Readers do, I hope, recall Jugoo. The former Mauritian policeman is the
person whose name, despite his demise, keeps appearing on witness lists, first
in connection with Schabir Shaik, the Durban entrepreneur, and second, appended
to the indictment served this month on a more famous person.
I don't want to mention this person's name, for reasons that I will explain
below. But, if, like me, patience is not your strongest point, I will explain
now:
I am terrified that Colleen Lowe Morna, whom I fondly think of as Colleen
Lawn Mower, and various other Furies of the women's struggle will come after me
with their cleavers (or their cleavages, such as those might be). The reason
this could happen is that they are incensed with the naming of certain names in
connection with a certain alleged rape complaint.
But - to revert to my Mauritian deep throat - I think she is talking
through her Wonderbra (R), and I think, too, that her belief that the NPA
bigwigs went to the glorious isle for the purpose of, among other things,
"really giving it to the media" is also arrant nonsense.
However, talking of "giving it to the media" ... Eish. During the last week
everyone has been squawking "much better", as they say, about the newspaper
coverage of the unmentionable rape complaint, especially the coverage offered by
this esteemed newspaper and its two sisters, The Sunday Tribune and The Sunday
Argus.
So much malevolence, so much inaccuracy, so much ignorance! So let me
start, like Pol Pot of blessed memory, with a small re-education
campaign.
The three newspapers, Indy, Trib and Argie, belong to the same newspaper
group. Got it, fellers? This means they share resources - that is, knowledge,
technology, people (provided one is willing to concede that journalists are
people), and, yes, good heavens, stories.
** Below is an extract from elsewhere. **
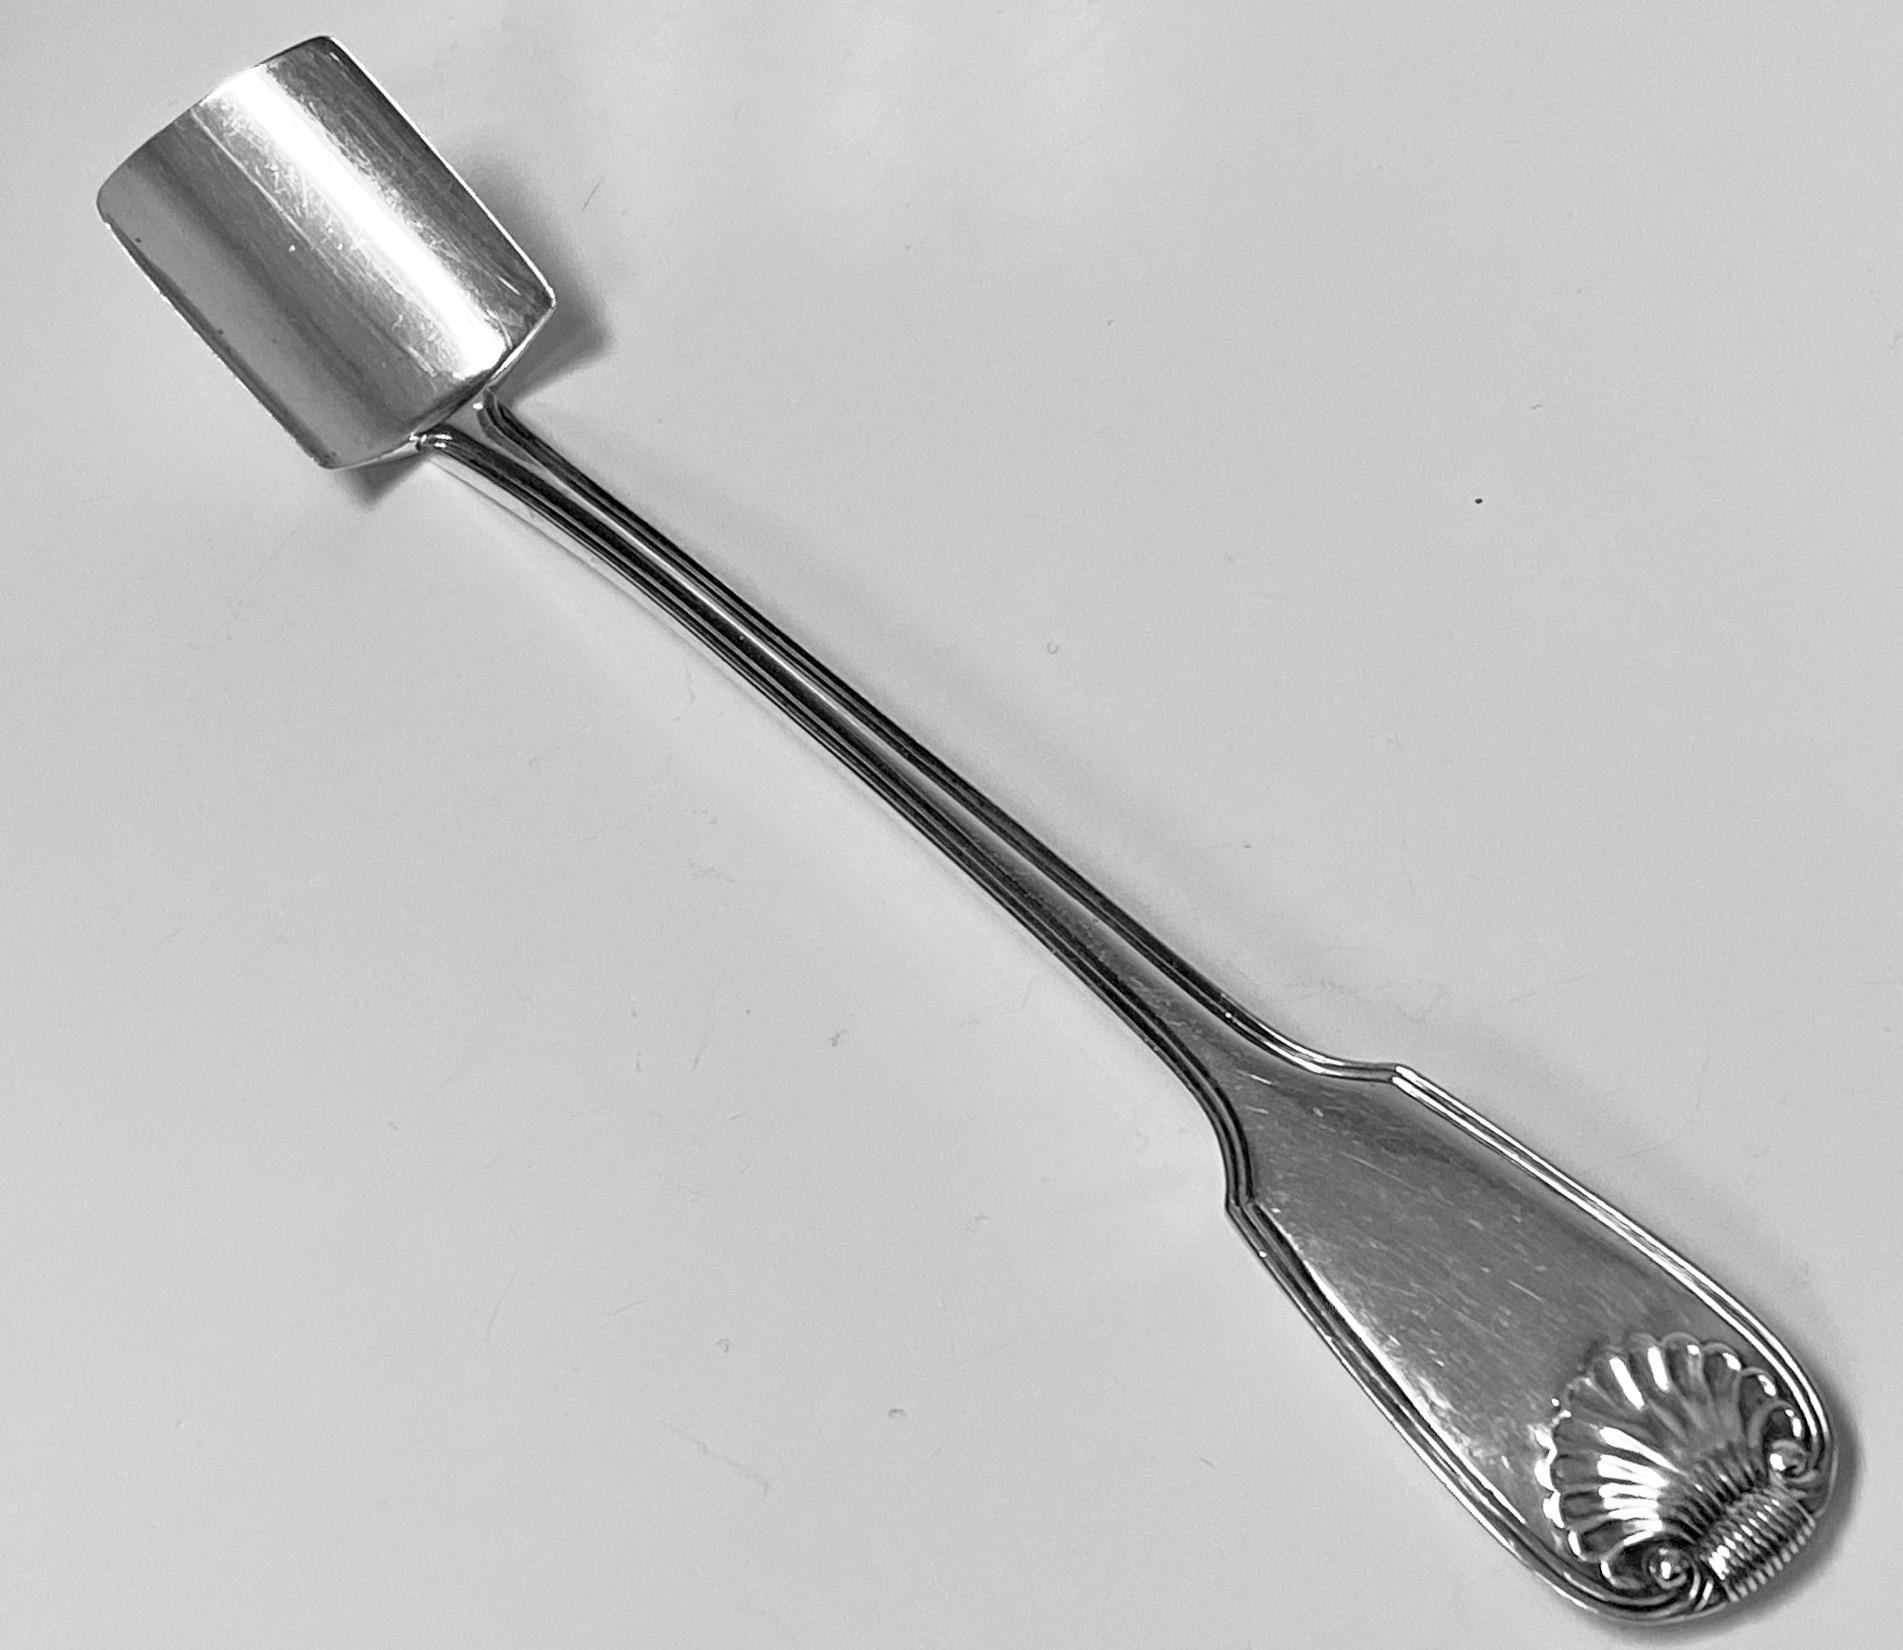 Antique Georgian silver cheese scoop, London 1813 Eley, Fearn and Chawner. Heavy gauge silver, fiddle thread and shell. No monograms. Measure: Length 10 inches. Weight 125.88 grams.
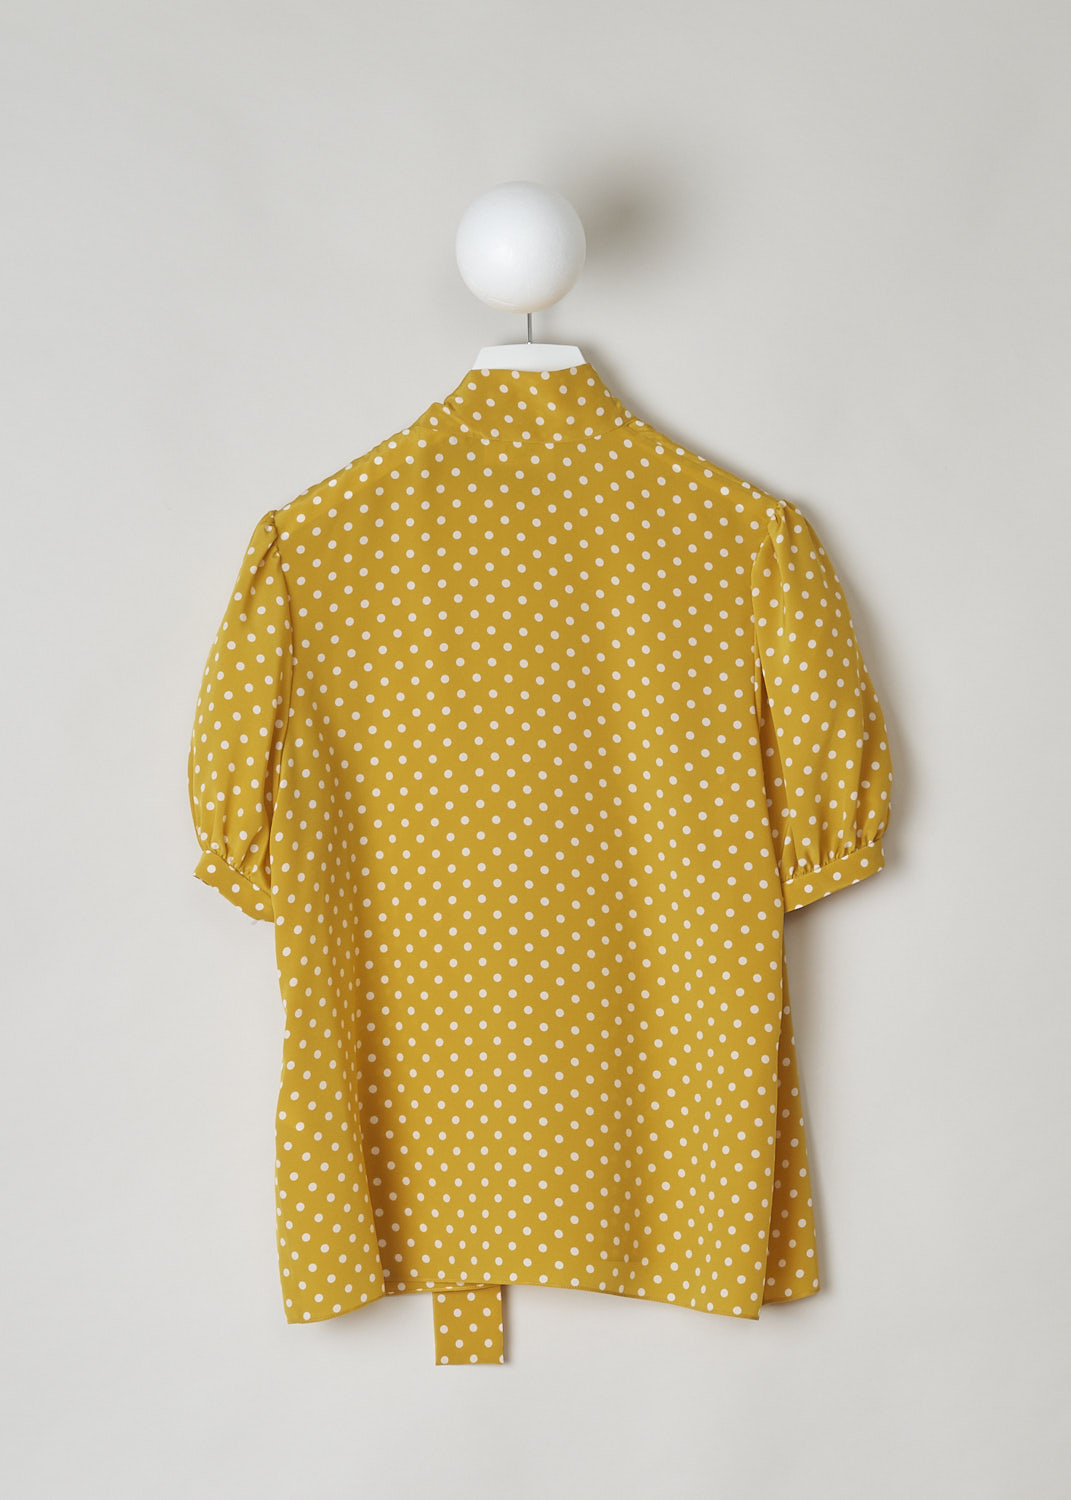 CELINE, MUSTARD YELLOW POLKA DOT TOP WITH PUSSY BOW, 966H_2B606_11TC, Yellow, Print, Back, This mustard yellow top has a white polka dot print. The top has a high neck with a pussy bow to one side. The top has short puff sleeves. The closure option is a concealed zipper on the left shoulder.   

This process is called, if one wants
to sound like a management twit, synergy.
Anyway, the Sunday Times kicked off its 16 days of whining campaign by
fantasising that the editor of this publication was forced on November 12 to
sneak into the bowels of the earth, where the presses are shared with the Times,
to read its pearls of wisdom and then to rush upstairs to change the front page,
so as to match the Times.
First of all, Sauer Street has lifts (aka elevators), though I concede they
don't work too often or too well. More to the point, no one at the Indy, least
of all any of its editors, has ever "rushed" anywhere since 1995.
Then Peter Bruce, the thick end of journalism - I mean the thick end of the
wedge (the name of his column in Business Day) - having also rushed forward with
the story about the mysterious editor traversing stairs, found it questionable
that the complainant's phone number was given to the Indy reporter by people in
"the [no-name] camp".
Personally I thought it pretty damn enterprising of the reporter to have
found the number in that particular cluster of tents - where better after
all?
What no one seems to have noticed - and about which the Times of course
kept mum - was that the Times also had the number! The problem for the Times,
however, was that, at that stage of the saga, the alleged complainant was not a
complainant at all. Au contraire, she did not want the story in the public
domain, something that the Times obviously did not want to mention.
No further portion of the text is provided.